= Ricker wavelet =

Wavelet proportional to the second derivative of a Gaussian

Mexican hat

In mathematics and numerical analysis, the Ricker wavelet, Mexican hat wavelet, or Marr wavelet (for David Marr)
$\psi(t) = \frac{2}{\sqrt{3\sigma}\pi^{1/4}} \left(1 - \left(\frac{t}{\sigma}\right)^2 \right) e^{-\frac{t^2}{2\sigma^2}}$
is the negative normalized $\left(\int_{\mathbb{R}}\psi^2=1\right)$ second derivative of a Gaussian function, i.e., up to scale and normalization, the second Hermite function.

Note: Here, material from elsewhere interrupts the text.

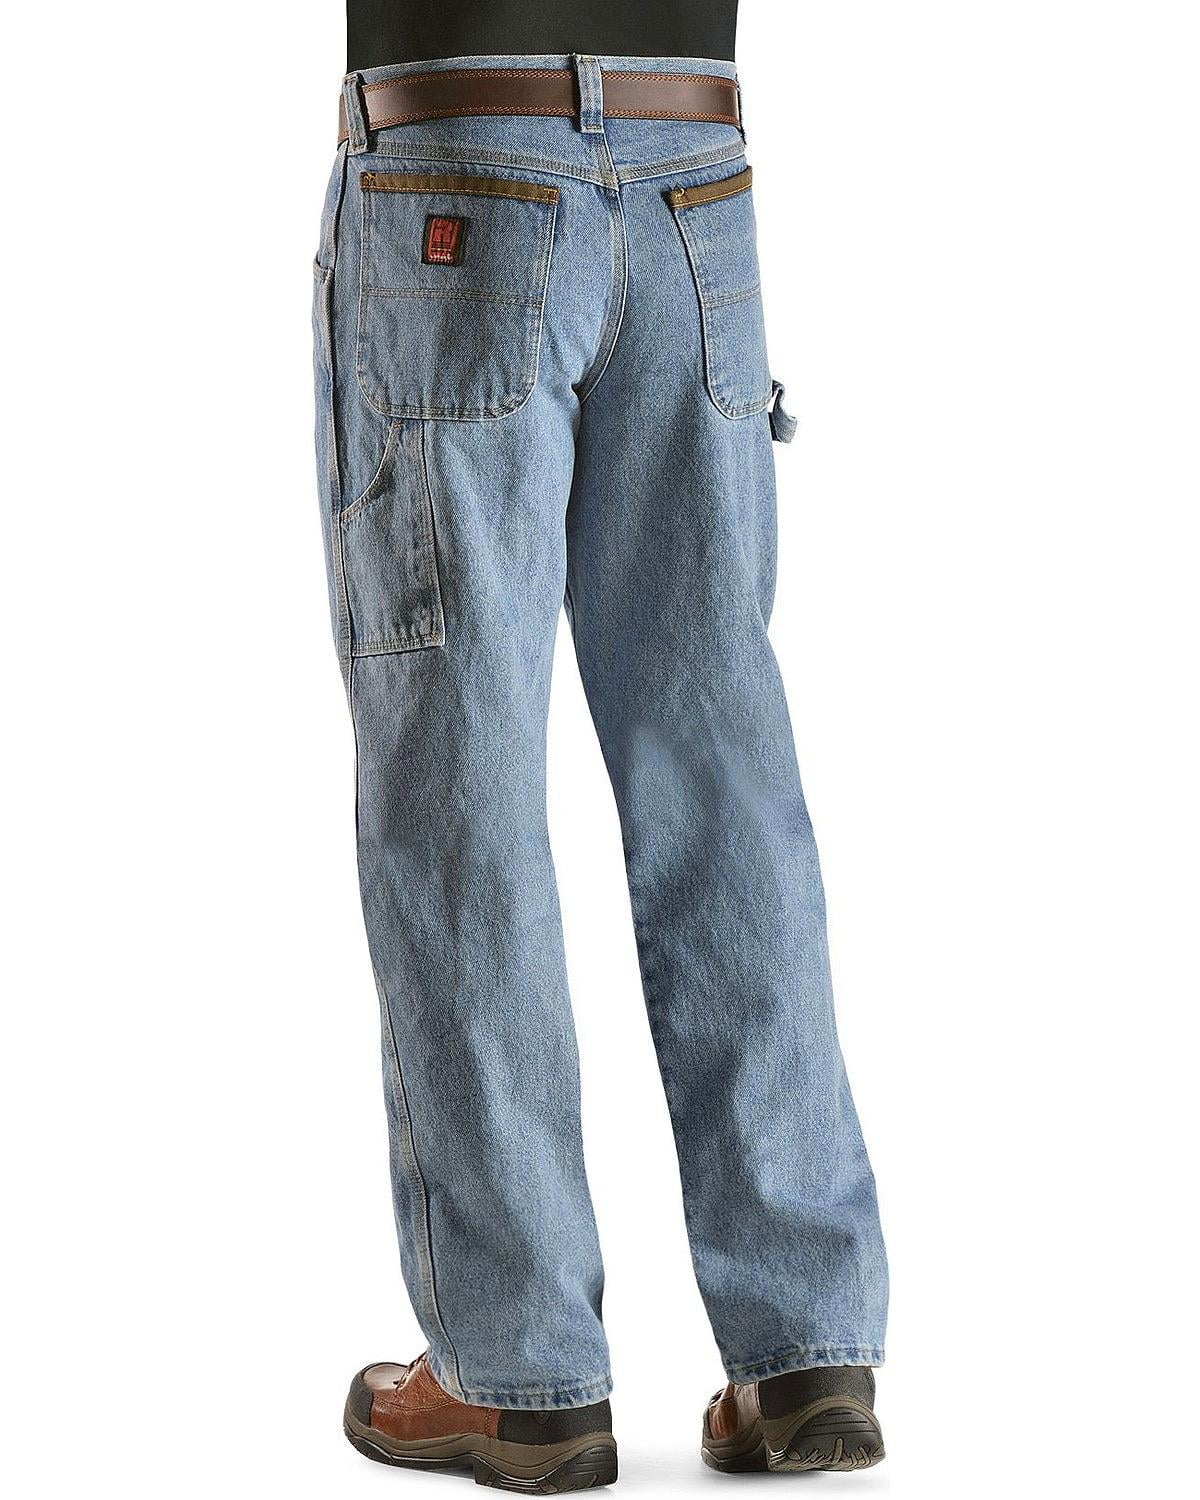 riggs carpenter jeans
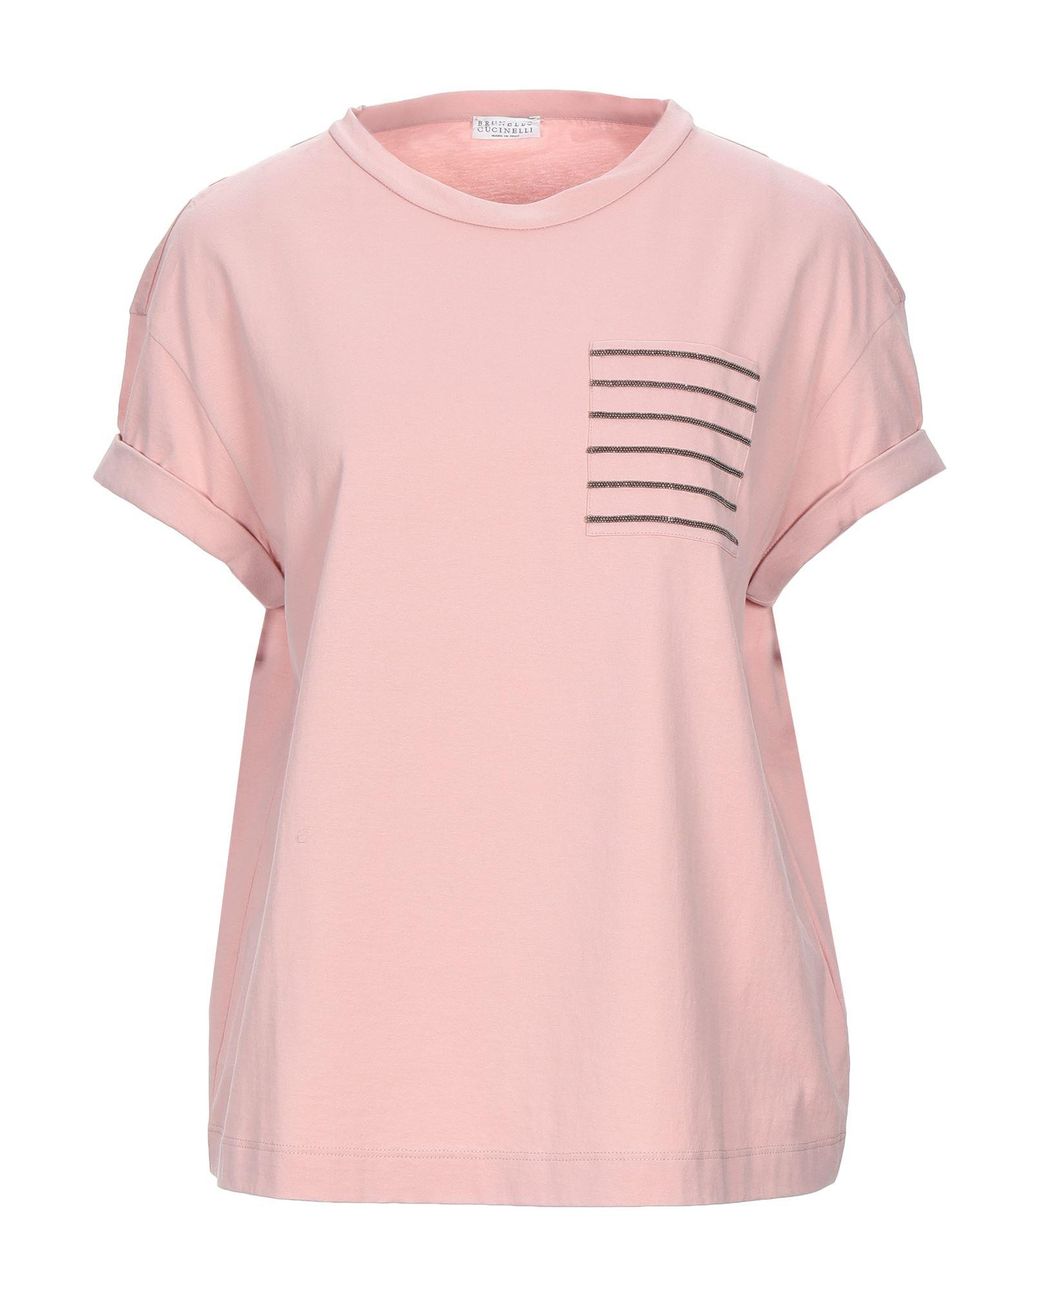 Brunello Cucinelli Cotton T-shirt in Pink - Lyst

It is a special case of the family of continuous wavelets (wavelets used in a continuous wavelet transform) known as Hermitian wavelets. The Ricker wavelet is frequently employed to model seismic data and as a broad-spectrum source term in computational electrodynamics.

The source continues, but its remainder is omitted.